The work was done after the original was seriously damaged in the 1985 earthquake. Two imposing Caryatids that simulate holding the large dome can be seen from the entrance to the hall on the balconies of the second floor, are the work of Antonio Coll y Pi. Throughout its history, the architecture of the building has undergone several modifications. In 1938, an amphitheater was built on the north side, the work of the architect Eduardo Secchi that had uncovered stands, had a capacity for 200 people and was initially intended to perform children's theater performances. In 1979, the amphitheater was remodeled with contributions from the Municipality of Santiago and from 2003, it was used to develop theater, music and dance activities.

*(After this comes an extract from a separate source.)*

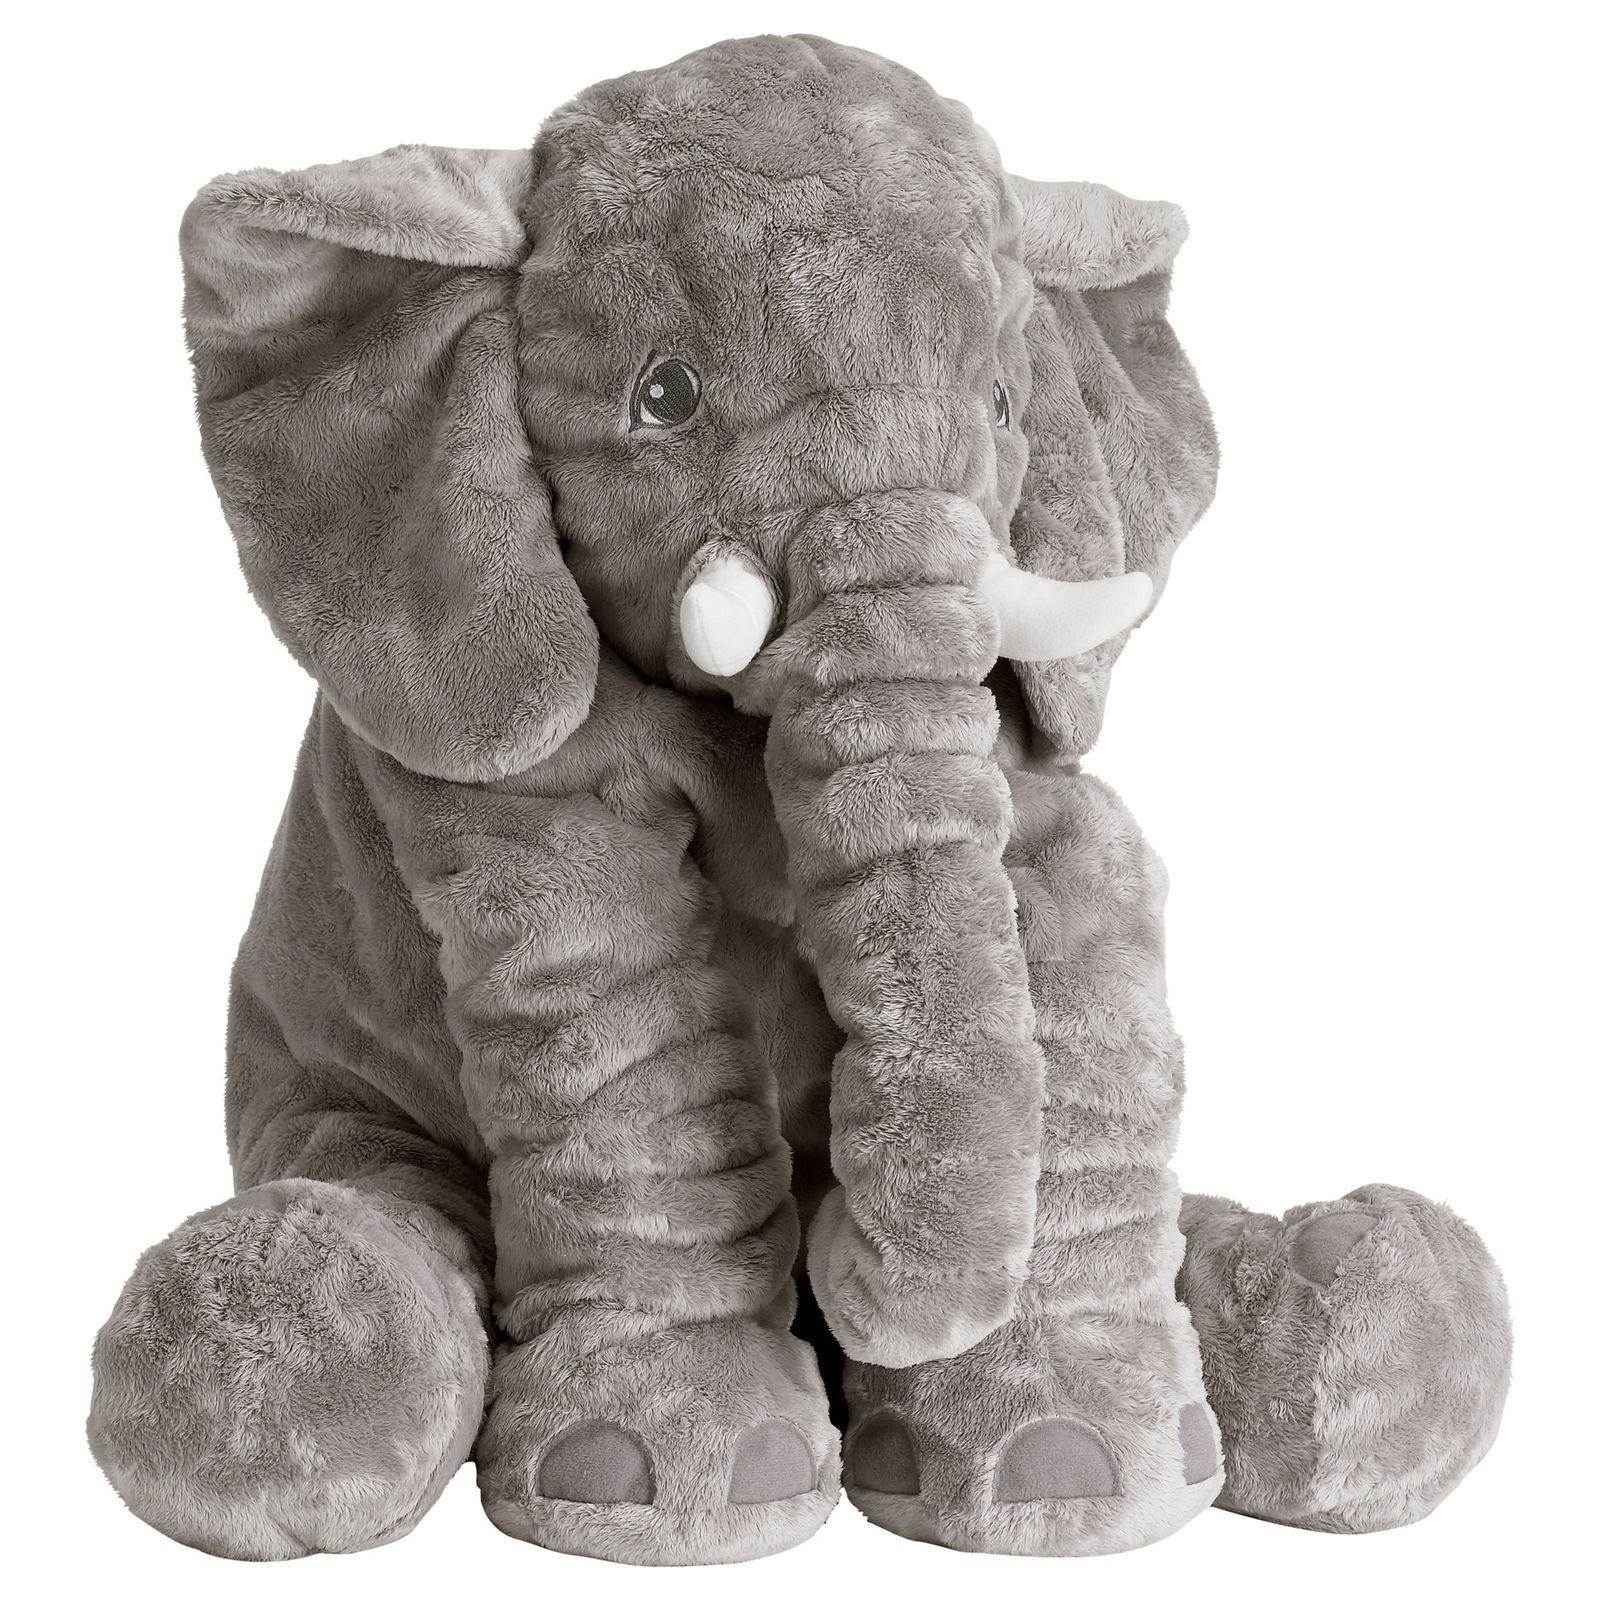 New IKEA JATTESTOR Large Jumbo Elephant Stuffed Animal Plush

During the direction of Nemesio Antúnez, between 1970 and 1971, the Matta Room was built, named after Roberto Matta, located on the basement floor. For its construction it was necessary to completely raise the slab of the Central Hall. The room covers an area of 60 square meters and 100 linear meters for exhibitions. On December 30, 1976, the building of the National Museum of Fine Arts was declared a National Monument. On the occasion of the centenary of the founding of the Museum, in 1980 the access plaza was remodeled and the sculpture by Rebeca Matte that alludes to the myth of Icarus and Daedalus, called United in Glory and Death, was reinstated. The sculpture had been loaned for years to the Aeronautical Museum and was donated in 1930 by Pedro Iniguez, husband of the artist, a year after his death. The work is a copy of the monument commissioned to Rebeca Matte that the Chilean government donated to Brazil in 1922, in the Centennial of its Independence. In 2002, the Museum without walls project was established. With the initiative of bringing the artistic heritage to the public in places of great affluence, the museum holds exhibitions of its collection in specially designed spaces in Mall Plaza Vespucio and Plaza Trebol de Concepcion.
The earthquake of February 2010 did not cause significant damage to the building thanks to the effective structural work carried out after the 1985 earthquake. The museum should not close its doors to the public and, without modifying its agenda, it continued with the preparations for the exhibition Del passed to the present. Migrations, which brought together works acquired in 1910 and aimed to hold a double celebration in September: the centenary of the building of the museum itself and the bicentennial of the country.